Single Node Training#

With your environment set up and data prepared, you’re ready to run training. But before committing to a multi-hour, multi-node job, it’s important to verify everything works correctly on a single node first.

Goal: Run a single-node GRPO training session to validate your environment.

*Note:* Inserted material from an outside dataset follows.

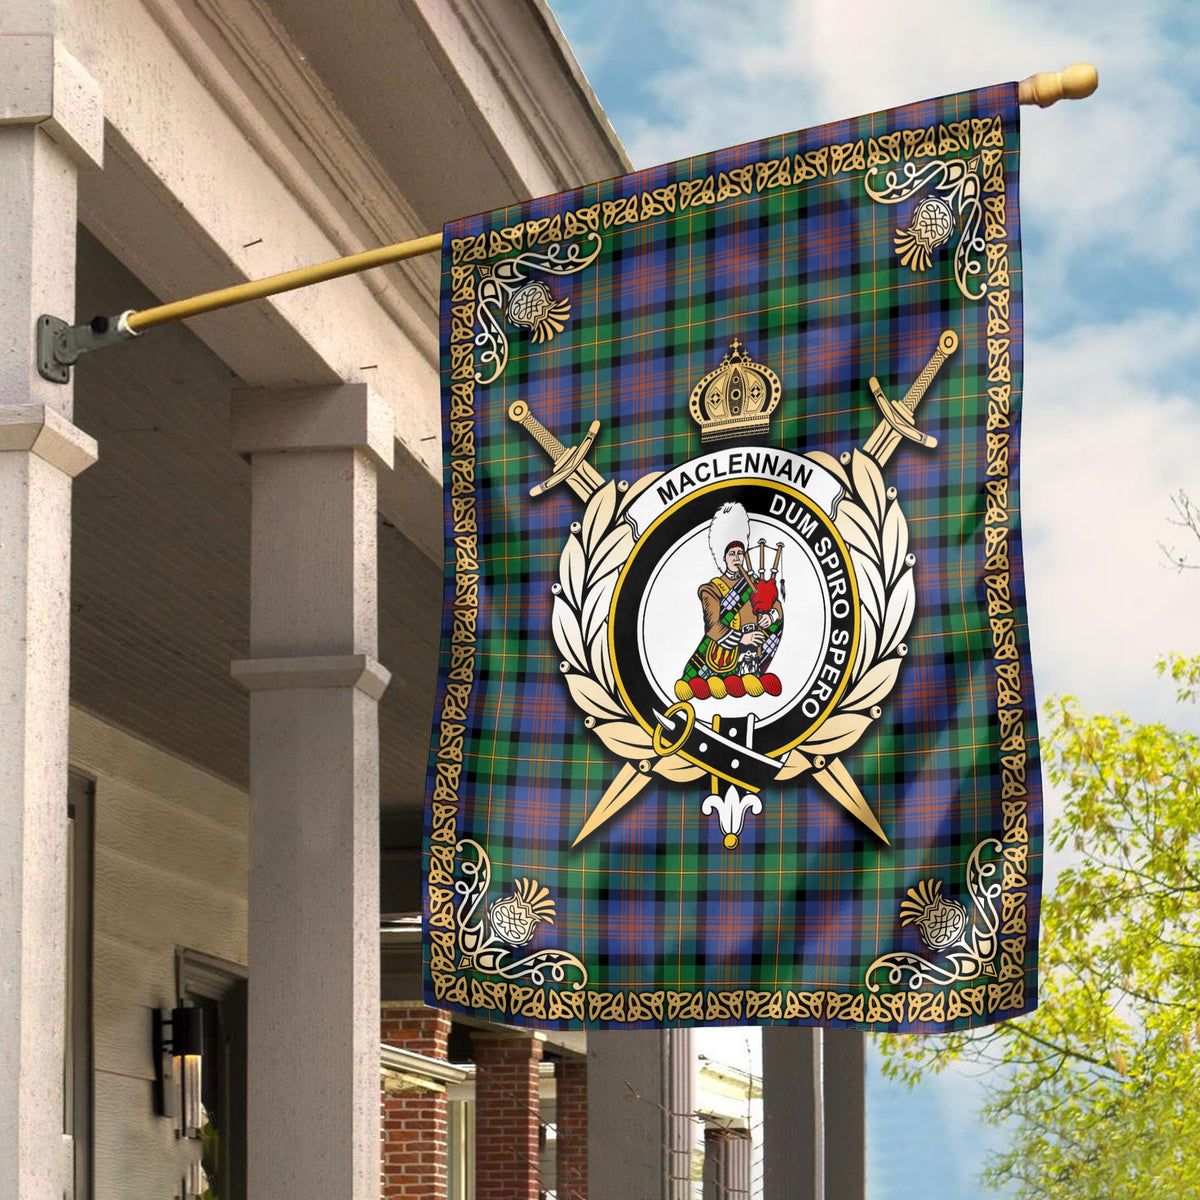 MacLennan Ancient Tartan Crest Garden Flag - Celtic Thistle Style

In this section, you will:

  1. Download the Nemotron Nano 9B v2 model

  2. Configure the model’s chat template

  3. Clean up existing processes

  4. Run a test training session with 3 steps

← Previous: Setup


Before You Begin#

Make sure you have:

  • ✅ Completed the Setup instructions

  • ✅ Access to a running container session with GPUs

  • ✅ (Optional) Weights & Biases API key for experiment tracking


1. Download the Model#

Estimated time: ~5-10 minutes

Download NVIDIA Nemotron Nano 9B v2:

HF_HOME=$PWD/.cache/ \
HF_TOKEN={your HF token} \
    hf download nvidia/NVIDIA-Nemotron-Nano-9B-v2

✅ Success Check: Model files are downloaded to .cache/hub/models--nvidia--NVIDIA-Nemotron-Nano-9B-v2/.

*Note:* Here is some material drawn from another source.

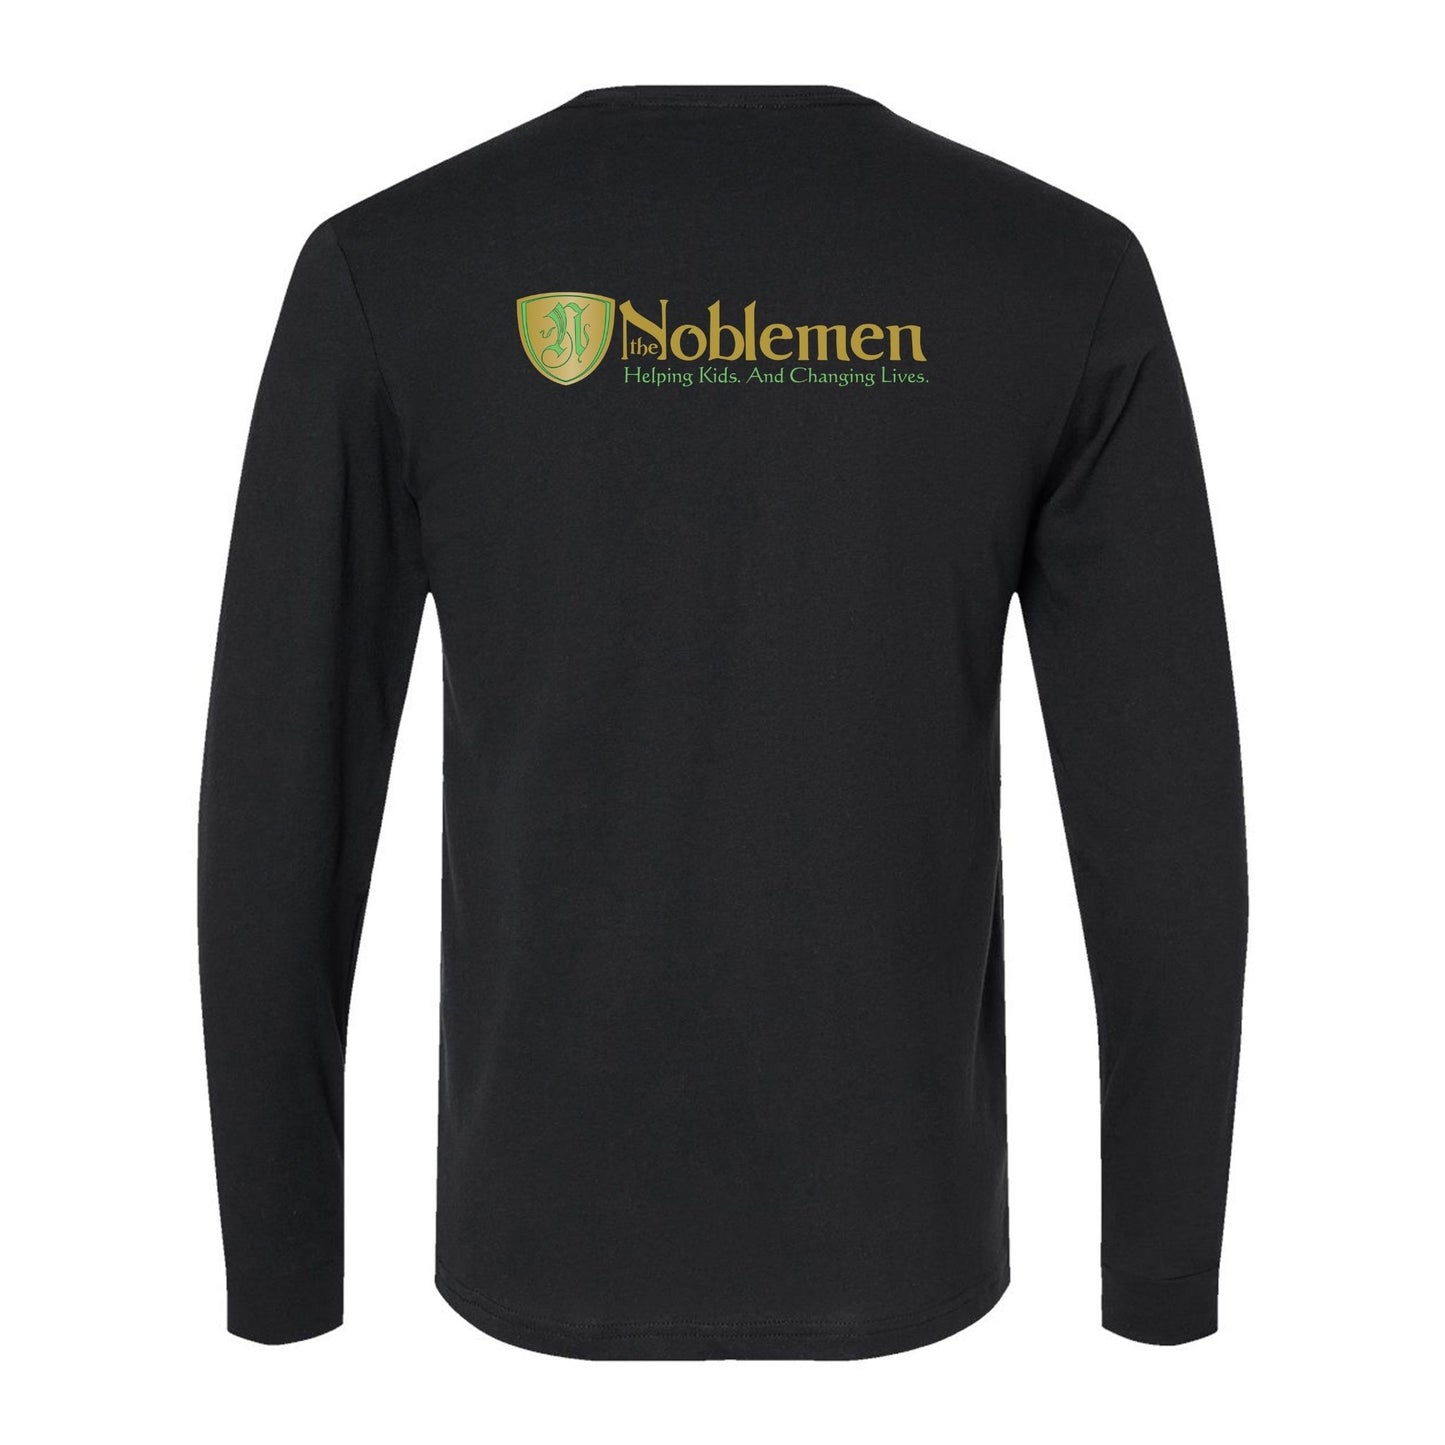 Noblemen - Unisex Long-Sleeve T-Shirt

2. Configure the Chat Template#

Estimated time: ~1 minute

The Nemotron Nano 9B v2 model uses a custom chat template that must be modified for RL training. This step modifies the cached version of the chat template:

tokenizer_config_path=$(find $PWD/.cache/hub/models--nvidia--NVIDIA-Nemotron-Nano-9B-v2 -name tokenizer_config.json)
sed -i 's/enable_thinking=true/enable_thinking=false/g' $tokenizer_config_path
sed -i 's/{%- if messages\[-1\]\['\''role'\''\] == '\''assistant'\'' -%}{%- set ns.last_turn_assistant_content = messages\[-1\]\['\''content'\''\].strip() -%}{%- set messages = messages\[:-1\] -%}{%- endif -%}//g' $tokenizer_config_path

✅ Success Check: The sed commands complete without errors.


3. Run Training#

Estimated time: ~15-30 minutes

By default, this runs only 3 training steps (grpo.max_num_steps=3) as a small test run in preparation for multi-node training. If you are using a single node for the full training run, you can remove this value. The full training will take several hours.

# Set experiment name with timestamp
EXP_NAME="$(date +%Y%m%d)/nemo_gym_grpo/nemotron_nano_v2_9b/workplace_assistant_001"
mkdir -p results/$EXP_NAME

# Configuration file path
CONFIG_PATH=examples/nemo_gym/grpo_workplace_assistant_nemotron_nano_v2_9b.yaml

# Launch training
# Set these environment variables before running:
#   WANDB_API_KEY: Your Weights & Biases API key for logging
#   logger.wandb.project: Fill in your username
TORCH_CUDA_ARCH_LIST="9.0 10.0" \
HF_HOME=$PWD/.cache/ \
WANDB_API_KEY={your W&B API key} \
uv run python examples/nemo_gym/run_grpo_nemo_gym.py \
    --config=$CONFIG_PATH \
    ++logger.wandb.project="${Your Username}-nemo-gym-rl-integration" \
    ++logger.wandb.name=$EXP_NAME \
    ++logger.log_dir=results/$EXP_NAME \
    ++policy.generation.vllm_cfg.tool_parser_plugin=$(find $PWD/.cache -name nemotron_toolcall_parser_no_streaming.py) \
    ++grpo.max_num_steps=3 \
    ++checkpointing.checkpoint_dir=results/$EXP_NAME &> results/$EXP_NAME/output.log &

# Watch the logs
tail -f results/$EXP_NAME/output.log

Tip

The end of the command above does the following:

&> results/$EXP_NAME/output.log &
  1. &> results/$EXP_NAME/output.log: Pipes the terminal outputs into a file at results/$EXP_NAME/output.log that you can view.

  2. &: This final ampersand runs the job in the background, which frees up your terminal to do other things. You can view all the background jobs using the jobs command. If you need to quit the training run, you can use the fg command to bring the job from the background into the foreground and then Ctrl+C like normal.

✅ Success Check: Training completes 3 steps on single node without any issues. Check the logs for errors and verify that training steps are progressing.